Его дни, его ночи превратились в бесконечные часы страданий, потому что он жил с навязчивой мыслью, больше того – с неотступным ощущением, что она его и не его, что она покорена и непокорима, отдалась и не принадлежит ему. Он жил около нее, совсем близко, но она оставалась все такой же далекой, и он любил ее со всем неутоленным вожделением души и тела. Как и в начале их связи, он стал писать ей. Один раз он уже преодолел чернилами ее добродетель; быть может, чернилами же ему удастся преодолеть и это последнее – внутреннее и тайное сопротивление. Он стал посещать ее реже, зато почти ежедневно твердил ей в письмах о тщете своего любовного порыва. Время от времени, когда они бывали особенно красноречивы, страстны, скорбны, она отвечала ему.

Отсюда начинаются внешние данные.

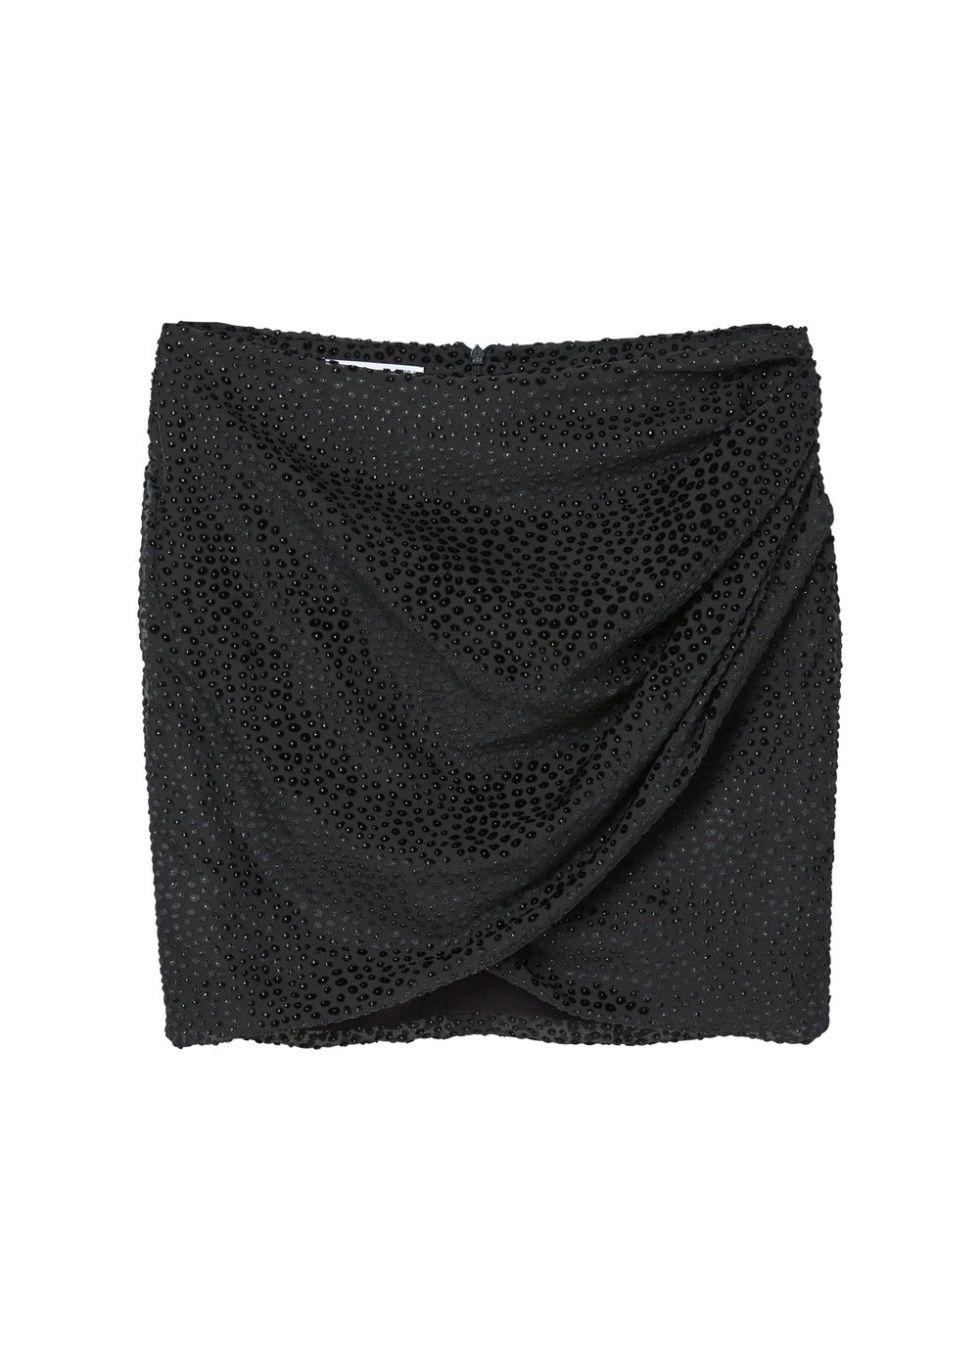 Textile, Black, Waist, Briefs, Trunks, Undergarment, Swimwear, Underpants,

Ее письма, нарочно помеченные полуночным часом, двумя и даже тремя часами ночи, были ясны, определенны, хорошо обдуманы, благосклонны, ободряющи, но приводили в отчаяние. Она прекрасно рассуждала, вкладывала в них ум, даже фантазию. Но сколько бы он их ни перечитывал, какими бы ни считал их справедливыми, умными, хорошо написанными, изящными, лестными для его мужского самолюбия – он не находил в них души. Души в них было не больше, чем в поцелуях, которые она дарила ему в отейльском флигельке.

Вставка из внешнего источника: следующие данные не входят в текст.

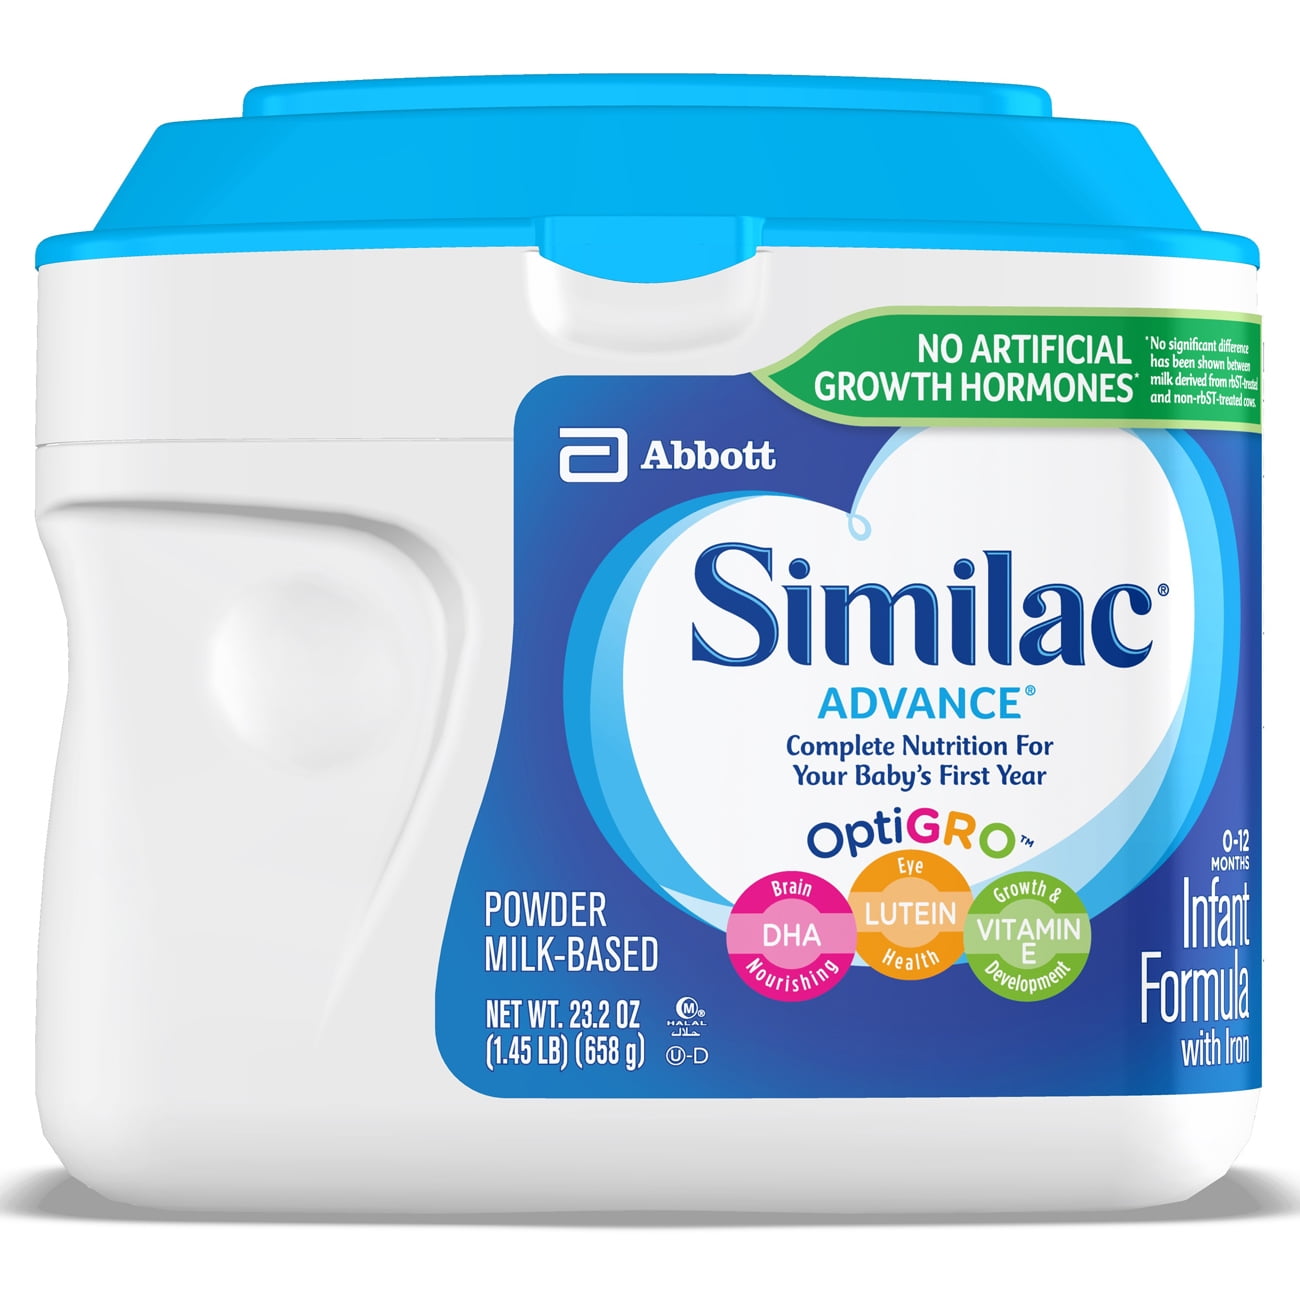 Similac Advance Infant Formula with

Он доискивался причин. И, твердя эти письма наизусть, он в конце концов так хорошо их изучил, что постиг эту причину: ведь в письмах узнаешь людей лучше всего. Слова ослепляют и обманывают, потому что их сопровождает мимика, потому что видишь, как они срываются с уст, – а уста нравятся, и глаза обольщают. Но черные слова на белой бумаге – это сама обнаженная душа.

Благодаря уловкам красноречия, профессиональной сноровке, привычке пользоваться пером для решения всевозможных повседневных дел мужчине часто удается скрыть свой характер за безличным – деловым или литературным – слогом. Но женщина пишет почти только для того, чтобы поговорить о себе, и в каждое слово вкладывает частицу своего существа. Ей неведомы ухищрения стиля, и в простодушных выражениях она выдает себя целиком. Он припоминал письма и мемуары знаменитых женщин, прочитанные им. Как отчетливо выступали там все они – и жеманницы, и остроумные, и чувствительные! А письма г-жи де Бюрн его особенно поражали тем, что в них никогда не заметно было ни крошки чувствительности. Эта женщина мыслила, но не чувствовала. Он вспоминал другие письма. Он получал их много. Одна мещаночка, с которой он познакомился во время путешествия, любила его в течение трех месяцев и писала ему прелестные письма, полные трепета, остроумия и неожиданностей. Он даже удивлялся гибкости, красочному изяществу и разнообразию ее слога. Чем объяснялся этот дар? Тем, что она была очень чувствительна, и только. Женщина не выбирает выражений: их подсказывает ее уму непосредственное чувство; она не роется в словарях. Когда она сильно чувствует, она выражается очень точно, без труда и ухищрений, под влиянием своей изменчивой искренности.

Именно неподдельную сущность своей любовницы и старался он обнаружить в строках, которые она писала ему. Она писала мило и тонко. Но почему у нее не находилось для него ничего другого? Он-то ведь нашел для нее слова, правдивые и жгучие, как уголья.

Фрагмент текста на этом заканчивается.